You don’t have to show prestigious projects to showcase your most relevant skills.  You can show work you’ve done in school or while volunteering.  However, let your clients know where your interests and potential lie.

Show your relevant qualifications or certificates

If you have a degree or diploma, include it in your portfolio.  Likewise, you would want to show any online or offline courses you have taken to improve your design skills.  You can add any certificates you have to your portfolio, and you could even integrate your LinkedIn account as well.

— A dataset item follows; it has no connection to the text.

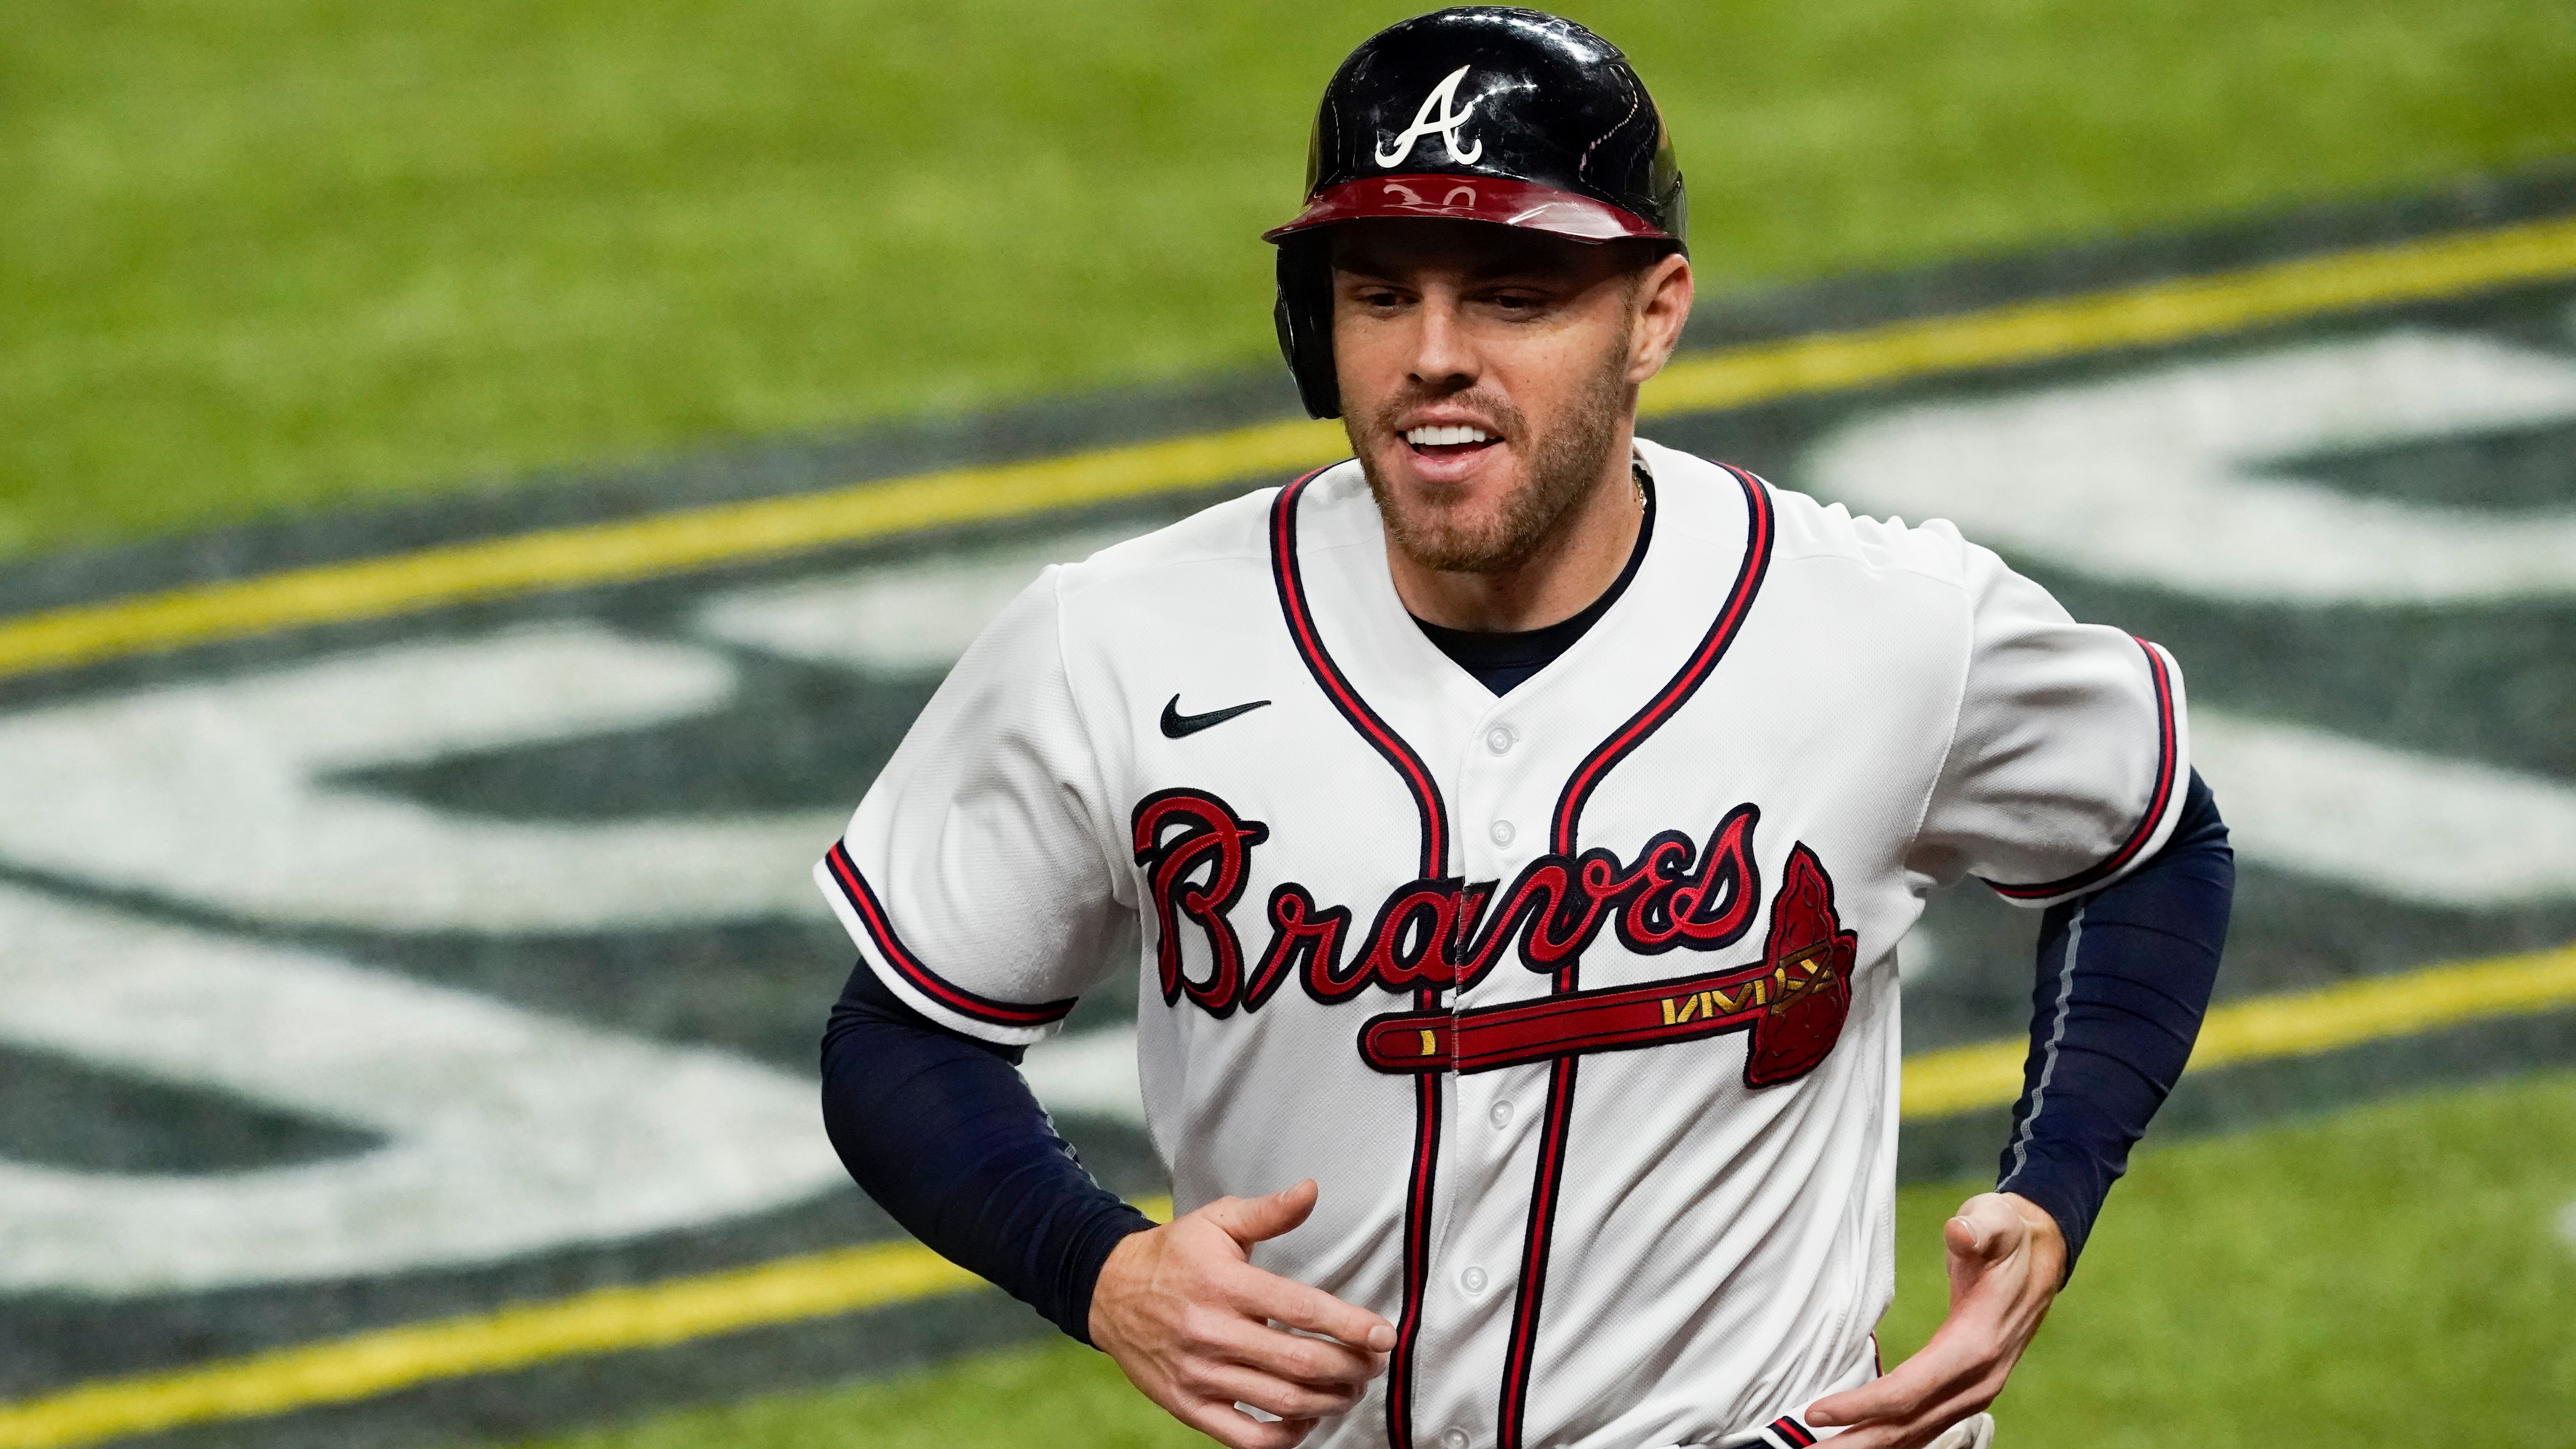 Freddie Freeman with the Rays? If you're going to dream, then dream big

Offer your clients the opportunity to download your resume.  Although your portfolio is a display of your work, your traditional resume is often helpful for workplaces with human resources departments.  

Tell your story

Create a bio page for your portfolio, letting visitors know who you are.  Narratives about who you are and where you would like to go allow your personality to shine through, establishing warmth and rapport with your visitors.

Use a Photograph

Your photograph reveals the human being behind the design work, making you relatable.  Keep your photo friendly and professional looking.  

As an artist, you don’t need a suit and tie, but don’t show yourself under a palm tree on the beach either.

Make yourself contactable

Make it easy for potential clients to access your email address and phone number.  This will help your clients get in touch with you.

Add Social Media Accounts

Social media helps you to engage in conversation with potential clients.  They will also be able to receive updates on work you post online.  Link your social media accounts to your portfolio.  

LinkedIn is often used by industry headhunters or recruiters to search for talent.  This is an important reason to open an account.  

You could also focus on industry-specific accounts such as Github (for web developers) or Dribbble/Behance for designers.  Keep your content relevant.  

Twitter enables you to follow designers who inspire you or to create networks.  Ensure you only post content you’d be happy for future employers to see.

A couple of social media ground rules:

  • Don’t complain about current employers or co-workers.

  • Don’t insult other users or get involved in drama.

  • Don’t show yourself in compromising conditions on social media.  

Even if you don’t link your social media sites to your portfolio, potential employers might Google you and find your social media accounts.

Include Testimonials

Testimonials from previous clients build up trust, encouraging new clients to work with you.  They are helpful to both experienced designers and those who are just starting out.  

High profile clients who are well known will give you extra credibility.  However, references from family or friends will also stand in your favor even if they just give a quick reference to your work ethic.

Keep it simple

Keep your site simple, with a single page for providing examples of your work.  Your clients could then click on a particular example to view it in more detail.  This will give a deeper context to elements which are interesting to clients without overwhelming them initially.


Although the industry is tough, particularly when starting out, adding the above elements to your portfolio will enable you to stand out, even when your experience seems limited.